[Originally posted on ADTEKR.]
One of the fundamental lynch pins of current behavioural advertising and targeting technology is a small, non-descript text file stored by the browser of users, the humble cookie. What started off as a piece of technology to allow cross-webpage data transfer and persistent storage of local variables has evolved into the basis of the most powerful advertising technologies across the Internet. However, with tightening regulations, consumer mistrust, lack of relevance in the mobile space and lack of cross-device support, is the day of the cookie coming to an end?
Cookies are traditionally used in desktop environments where they are dropped by advertisers or publishers during the course of consumer interaction with websites. Over time, the reading and writing of such cookies across multiple websites allows advertisers to build up a profile of the consumer in question and allocate them to a specific audience segment, allowing advertisers to target specific advertising to them. Cookies are also the driving force behind more sophisticated advertising techniques such as retargeting.
Historically mobile devices have had limited support for cookies at best. Although this is no longer the case in relation to the majority of mobile browsers, which do now support cookies, the problem remains in relation to apps on mobile platforms and devices, where advertisers are technically unable to make use of cookie-like technologies.
More and more new players are appearing in this space and promising an end to cookies using their device fingerprinting technologies but no one company has yet managed to discover the secret sauce of truly unique but time resilient identifiers. For a more detailed discussion of device fingerprinting, see our article.
Bridging the device gap
An even more pressing concern is mapping the consumer journey across multiple devices. Increasingly frequently, consumers now start their journey on one device (for example, initially searching for a product on their mobile) but complete the transaction on a separate device (completing the purchase on their desktop). The difficulty for advertisers is therefore two-fold: firstly, how do you track conversions and campaign effectiveness when there is a disconnect between origination and completion; and secondly, how can you ensure that device profiles are combined to provide a holistic view of the users interests rather than remaining siloed between individual devices?
The approach taken by the industry to attempt to address this issue has been divided into two, dependent on the data assets held by the companies in question.
Deterministic Device Matching
How does this all work? Imagine a user sitting at their desktop. They log into their webmail account and at this point the service provider sets a cookie tying that device to the account. Later in the day, the same user logs into an app on their mobile device using the same account – at this point the service provider ties that mobile device to the same account, creating a deterministic link between the desktop and the mobile. This matching only works where a user signs into their account held with the service provider – hence the plethora of “single sign-on” services apparently being offered for the consumer’s convenience.

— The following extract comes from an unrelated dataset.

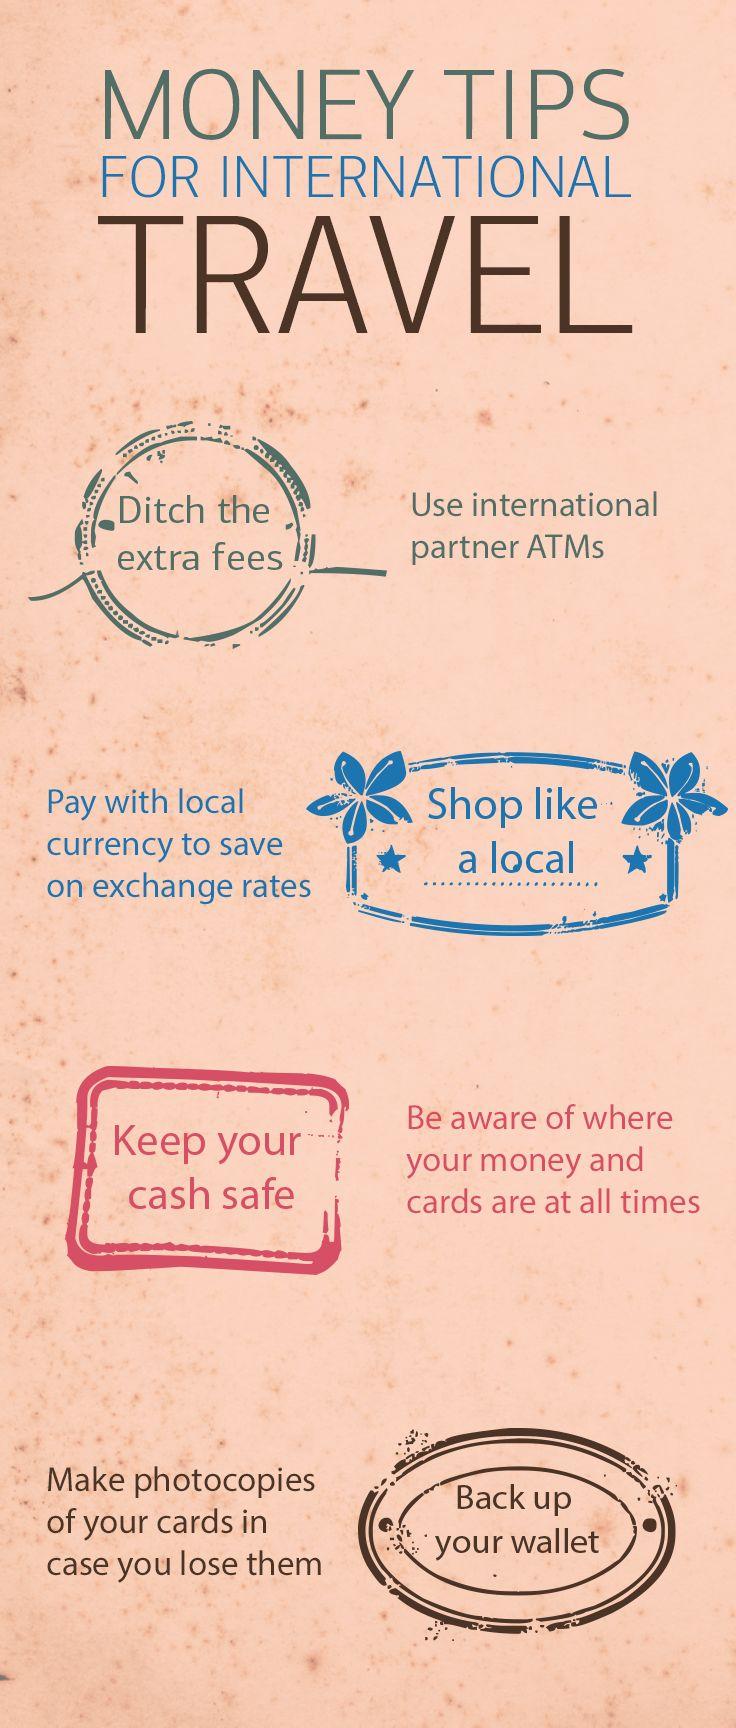 Best money options for international travel
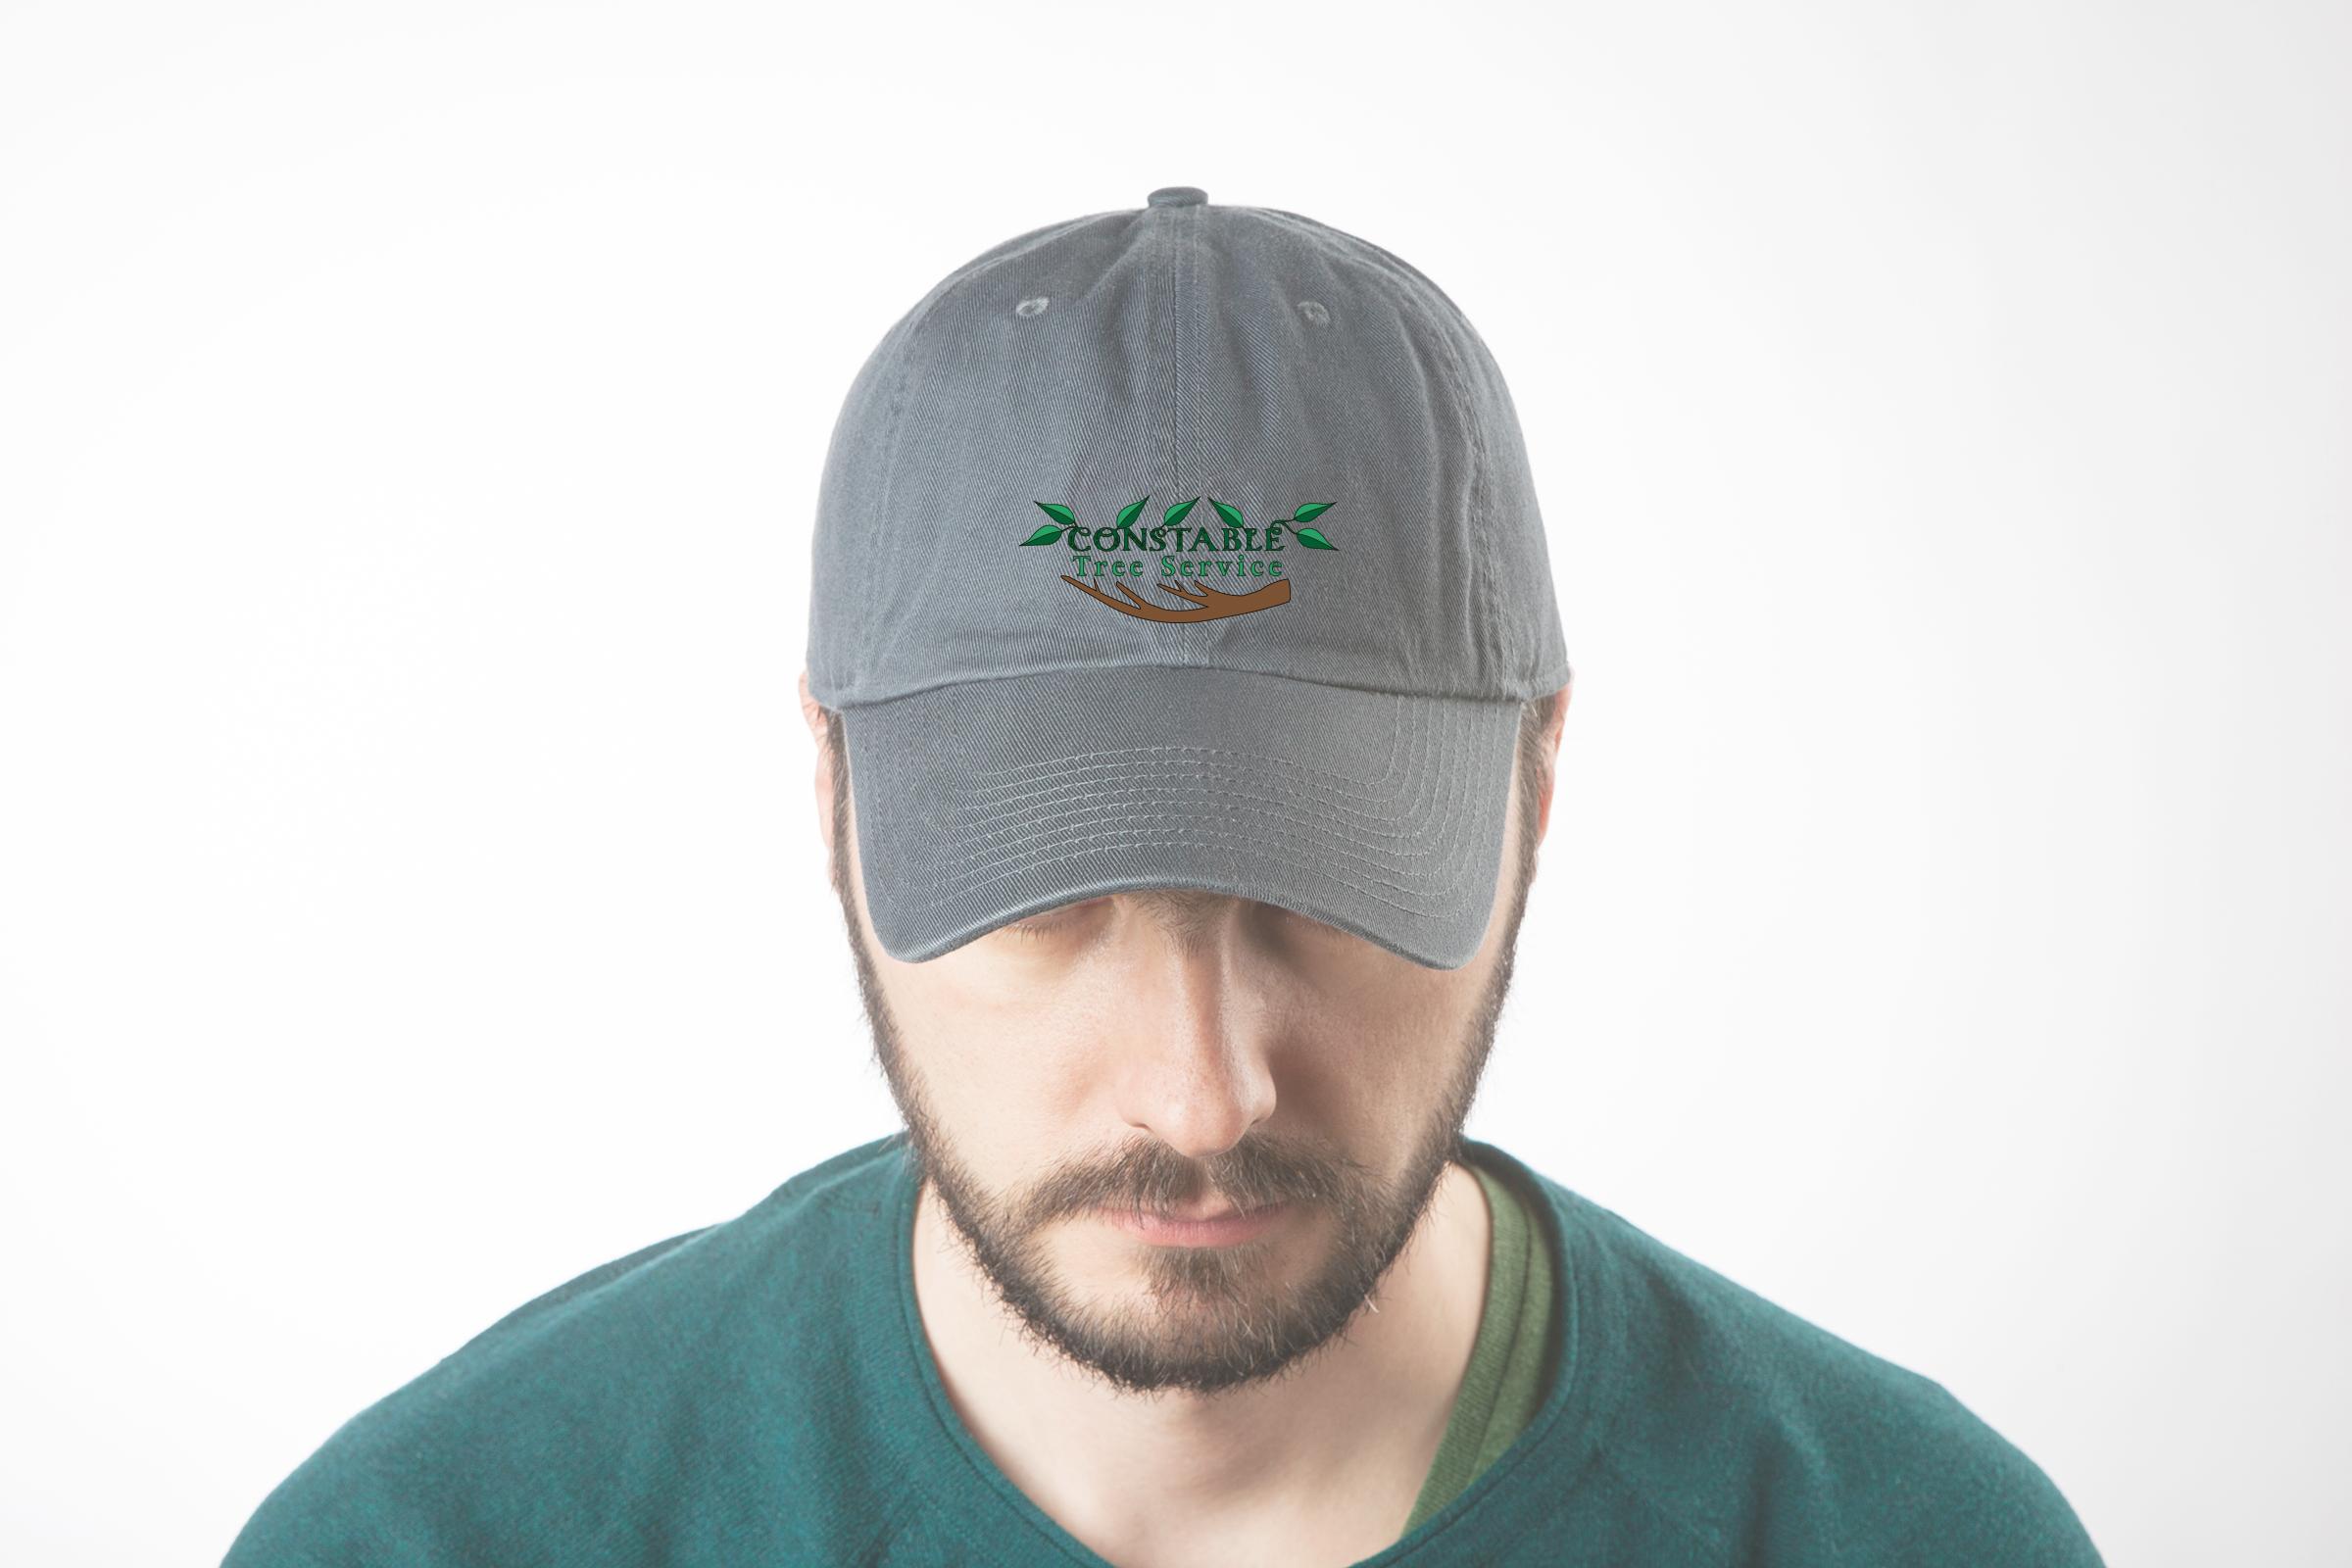 Constables Tree Service Hat

Statistical Device Matching
However, where the provider is not a tech giant with a presence across the majority of the web or desires to work independently of the closed-loop ecosystems controlled by these companies, the problem becomes more difficult. Using techniques such as device fingerprinting, as discussed above, a number of start-ups (such as AdBrain and Tapad) are using probabilistic matching to attempt to identify common device ownership. By using the IDFA and UDID tags and combining these with derived data such as location, these companies are attempting to establish to a given degree of certainty that multiple devices map to the same consumer. For example, a mobile device may travel from a set point every morning to another fixed point for the day and then return in the evening. The algorithms developed by these companies may identify the first location as “home” and the second location as “work”. If a tablet device also happens to make the same journey at the same time, the two devices would be matched and a cross-device profile created for the consumer.
Clearly this approach will only produce a probablistic result (that is, it can only establish that two devices are owned by one consumer to a given level of certainty; it cannot produce an absolute answer) and is therefore not as precise as a deterministic approach. It’s advantage is that it remains platform-neutral as the algorithm can collect data across all platforms and channels to analyse and does not rely on a single provider to allow access to records relating to its users sign-on activities.
On desktop, it seems unlikely. Although new technologies are developing which allow for IP-based tracking or use device fingerprinting techniques even on desktop, the cookie is a well-established and effective method for profiling. On mobile, the cookie has never really had a foothold due to technological barriers. The new technologies discussed above which are being developed for mobile devices and work to follow the consumer journey across devices will replace cookie-based tracking on such devices. However, when considered across the consumer journey from initial ad impression through to purchase, these profiling techniques are not mutually exclusive. We are likely to see advertisers and platforms using all available techniques to enhance the data collected and provide further insight rather than the new superseding the old.